[PROBLEM DESCRIPTION] Retype the listing exactly, minus its pictures.

[GIVEN DATA]
◇ ◇ ◇ ◇ ◇

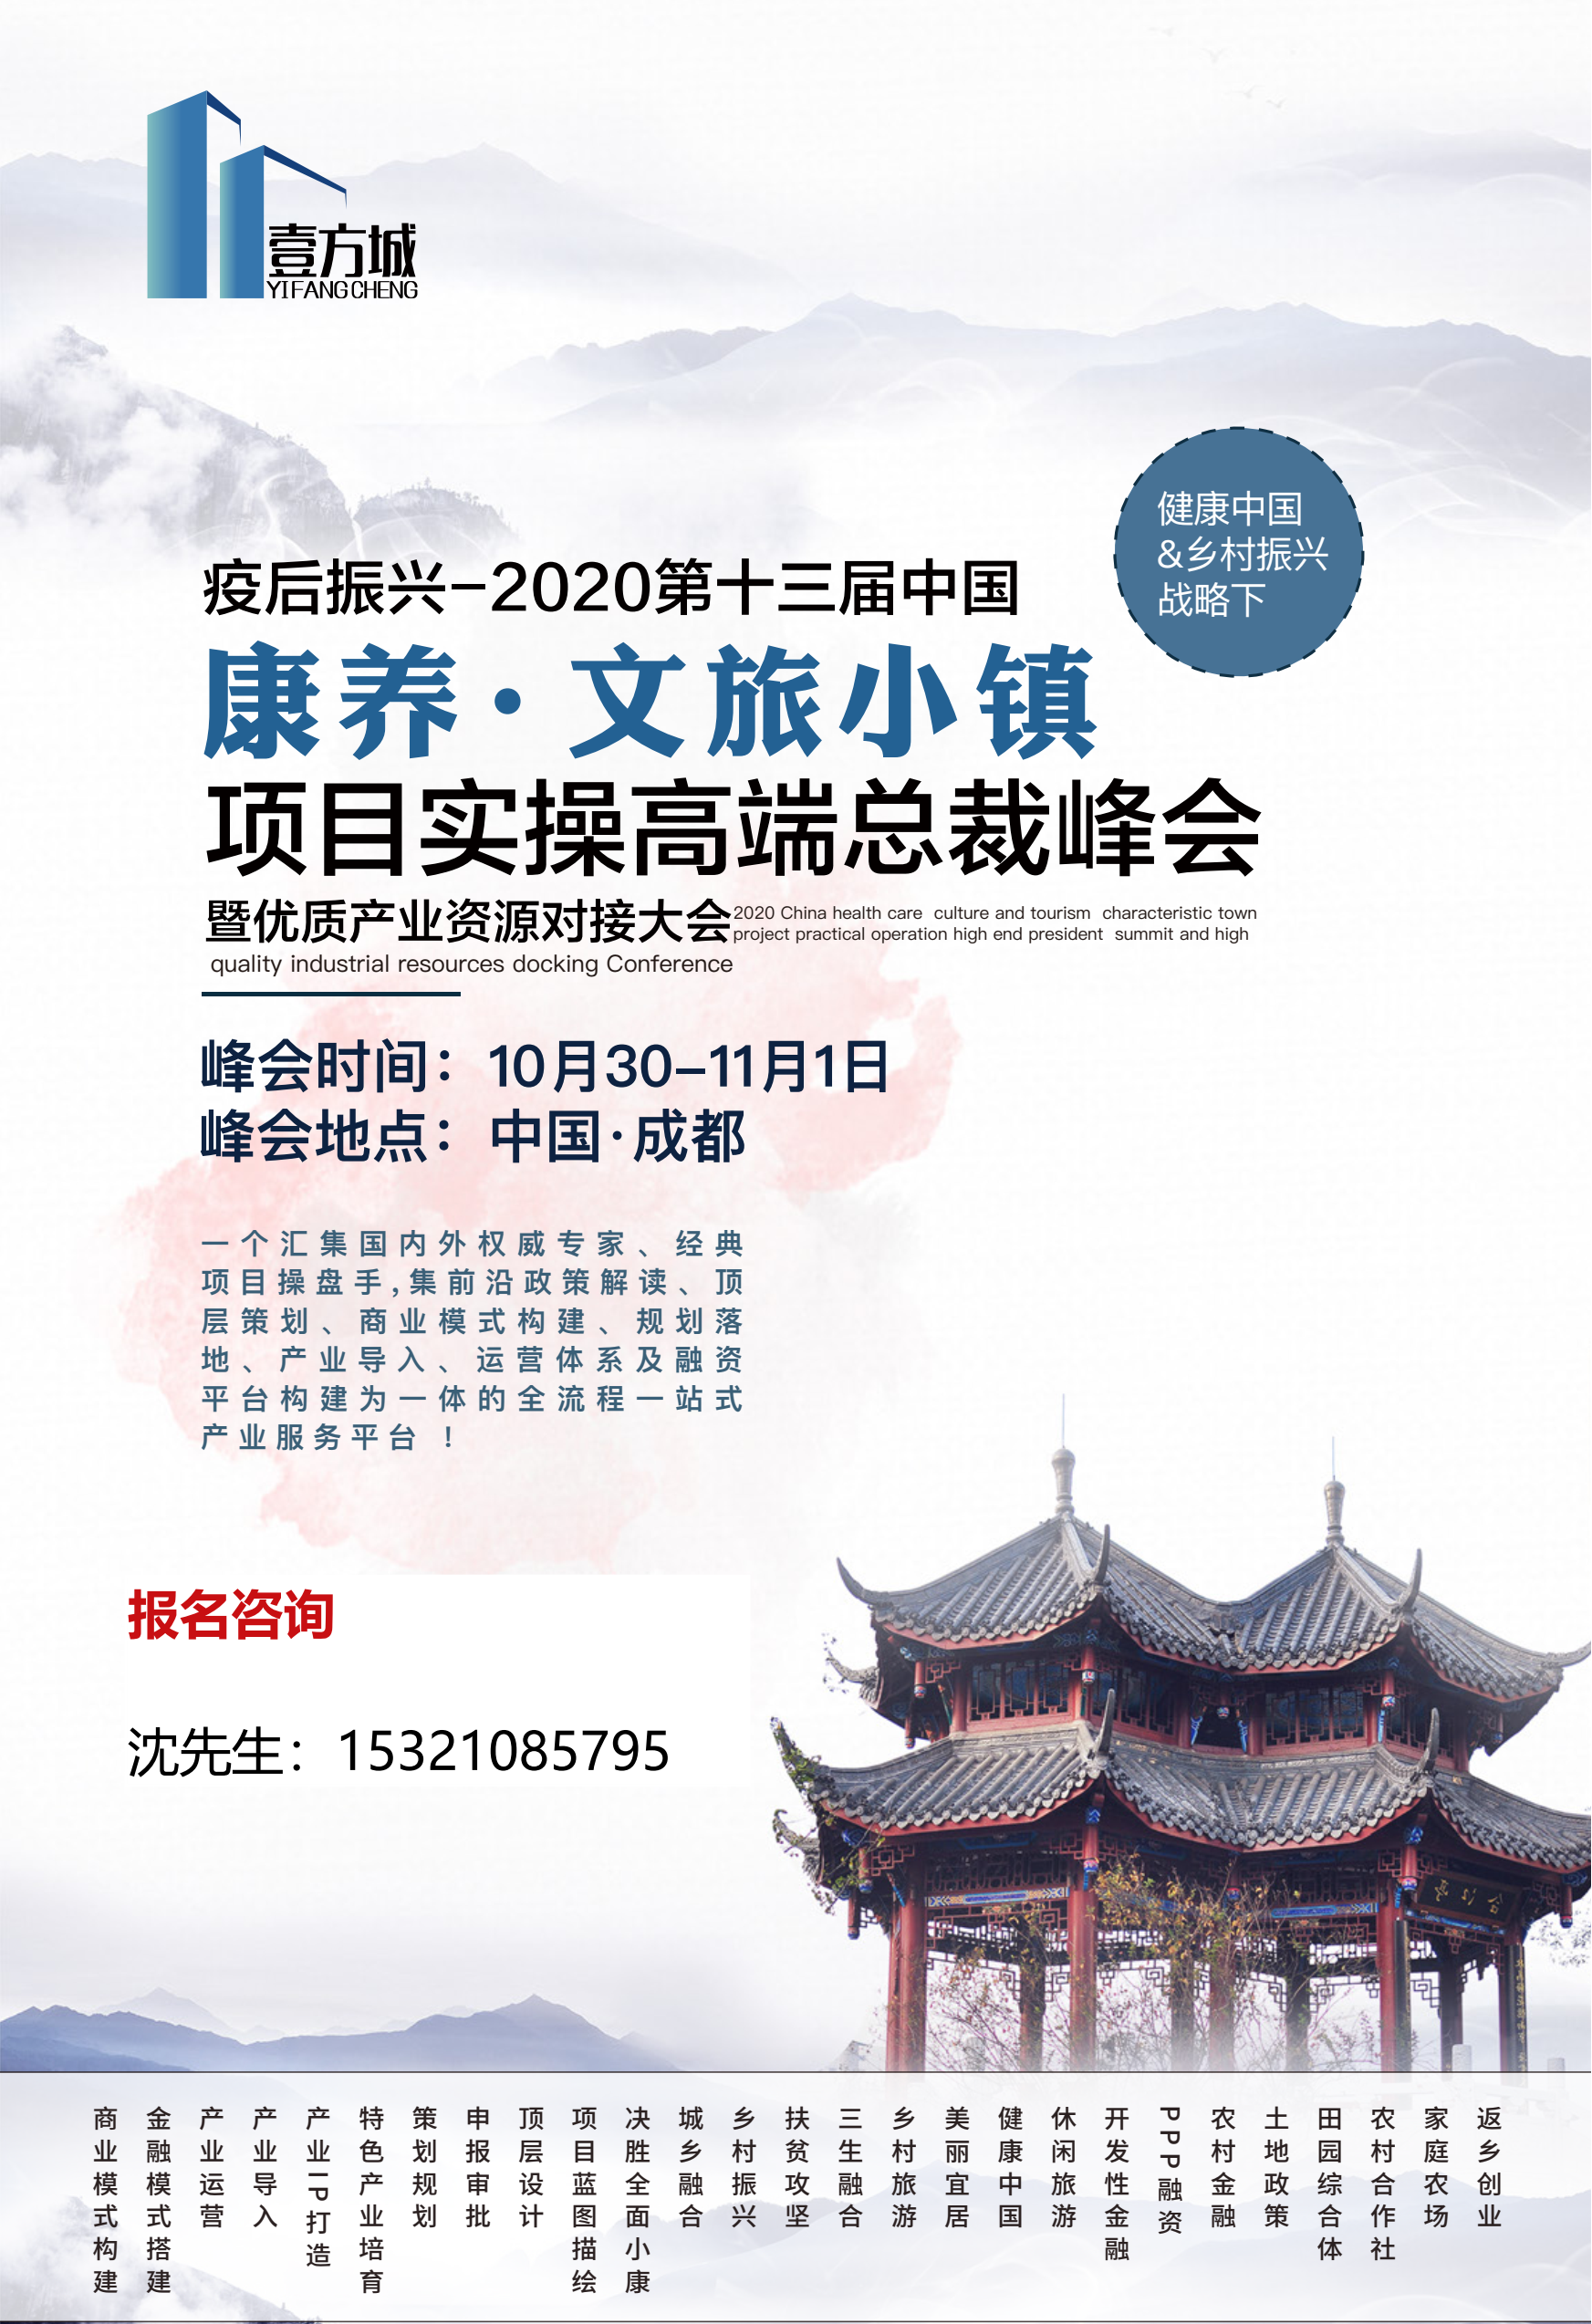 疫后振兴-2020第十三届中国康养.文旅小镇项目实操高端总裁峰会
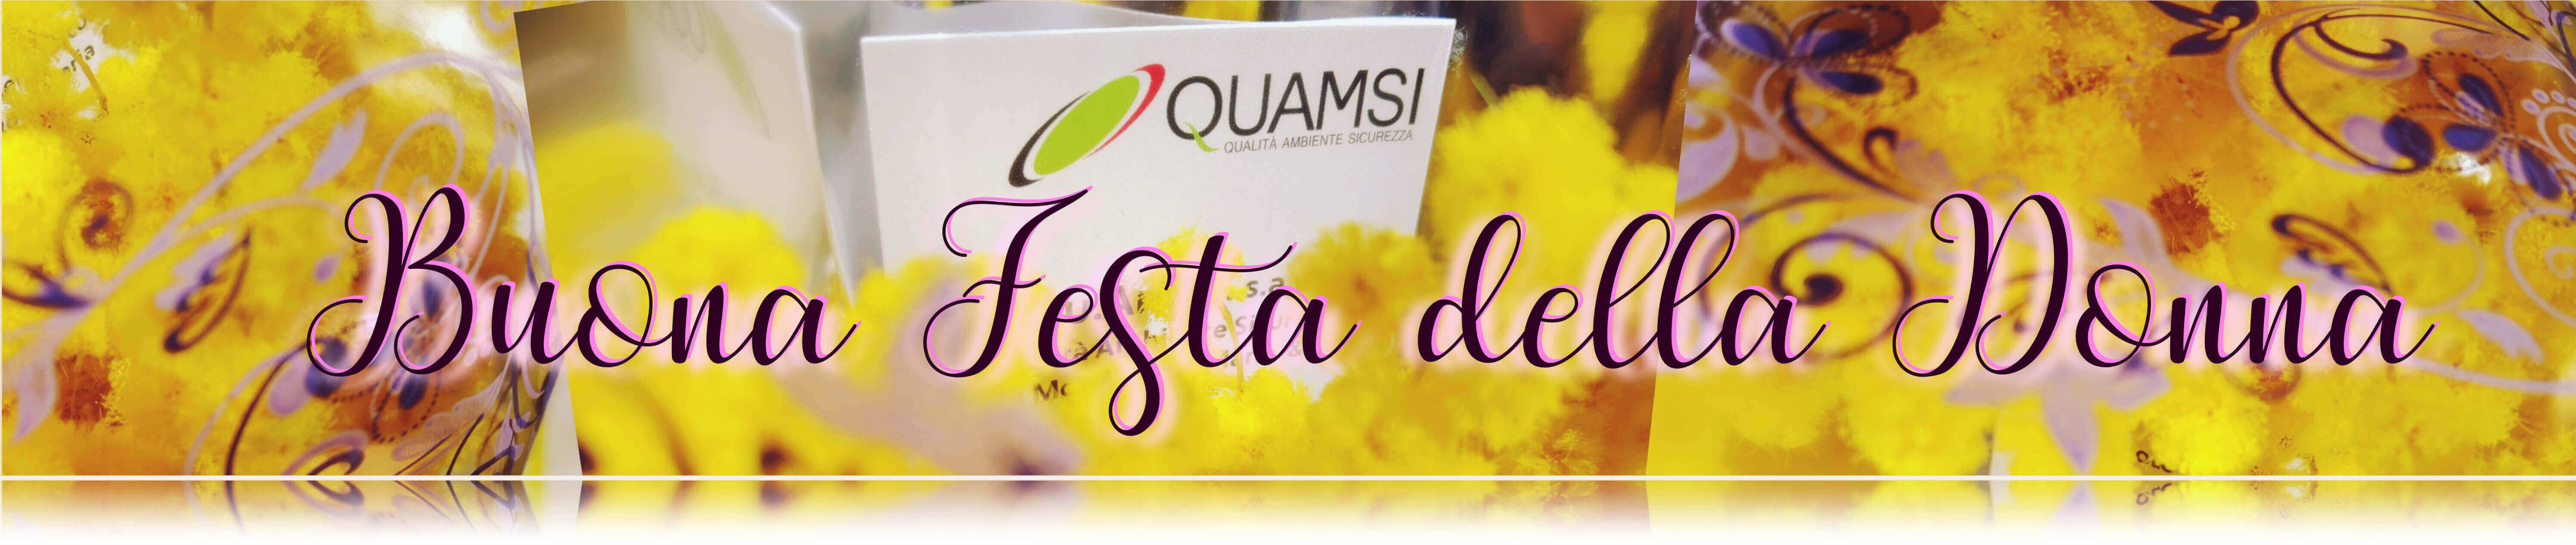 Festa della donna - auguri da QUAMSI con mimosa su sfondo
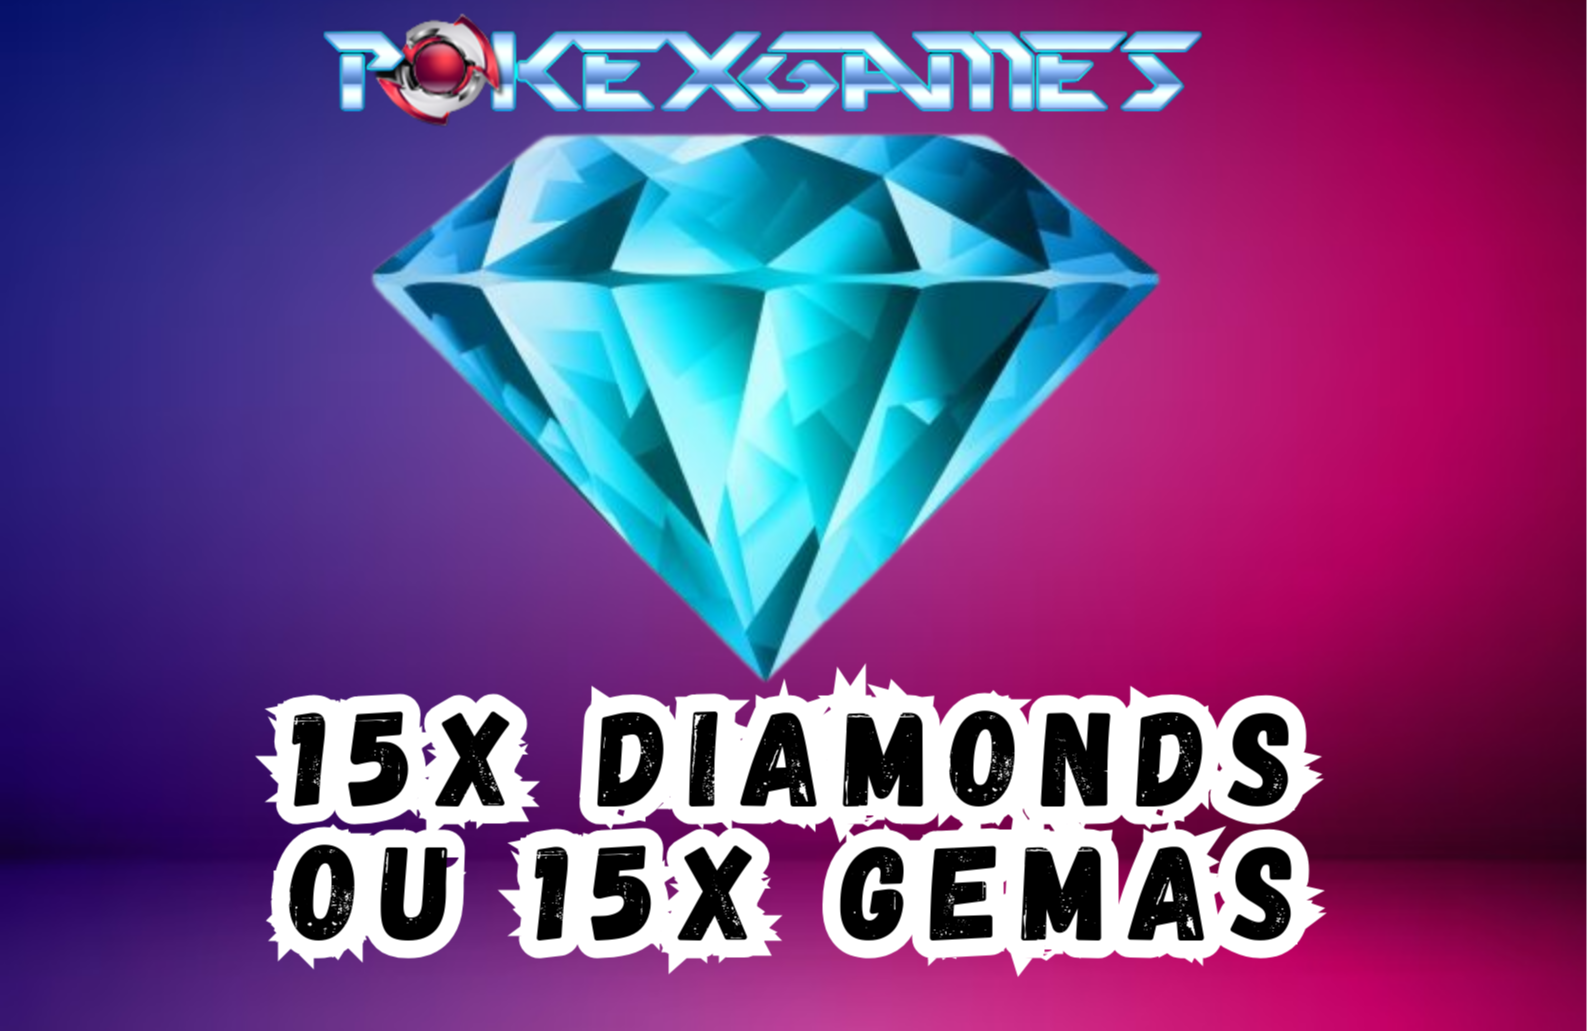 PokexGames Diamonds
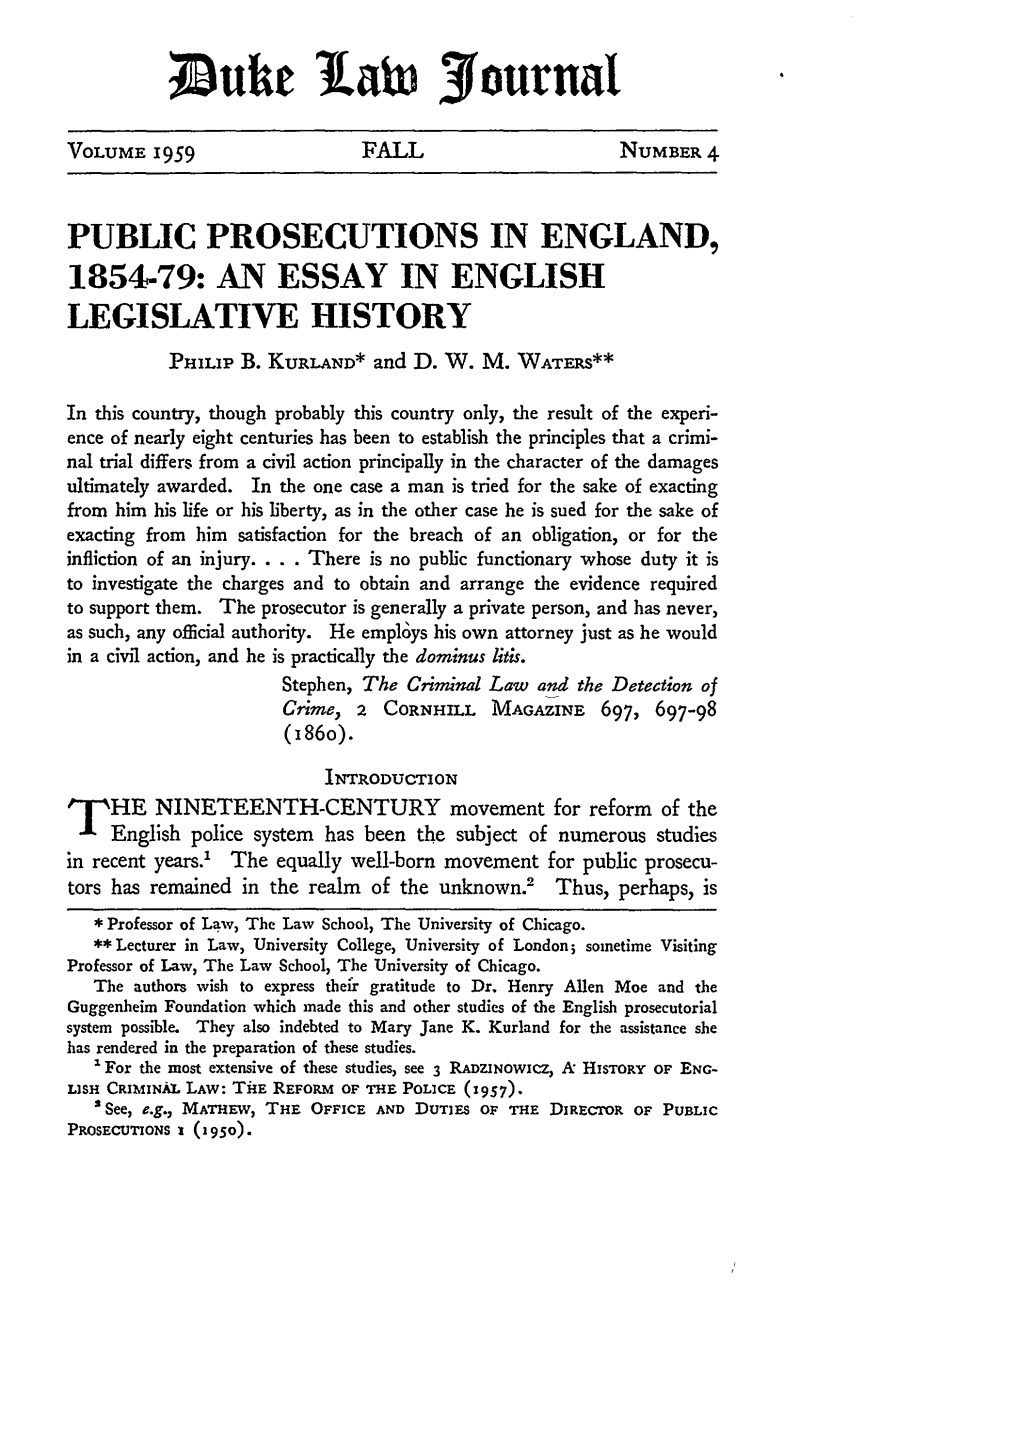 Public Prosecutions in England, 1854-79: an Essay in English Legislative History

◇ ◇ ◇ ◇ ◇

[SOLVED PROBLEM]
 疫后振兴-2020第十三届中国康养.文旅小镇项目实操高端总裁峰会
 Festa della donna - auguri da QUAMSI con mimosa su sfondo
 PokexGames Diamonds
 Public Prosecutions in England, 1854-79: an Essay in English Legislative History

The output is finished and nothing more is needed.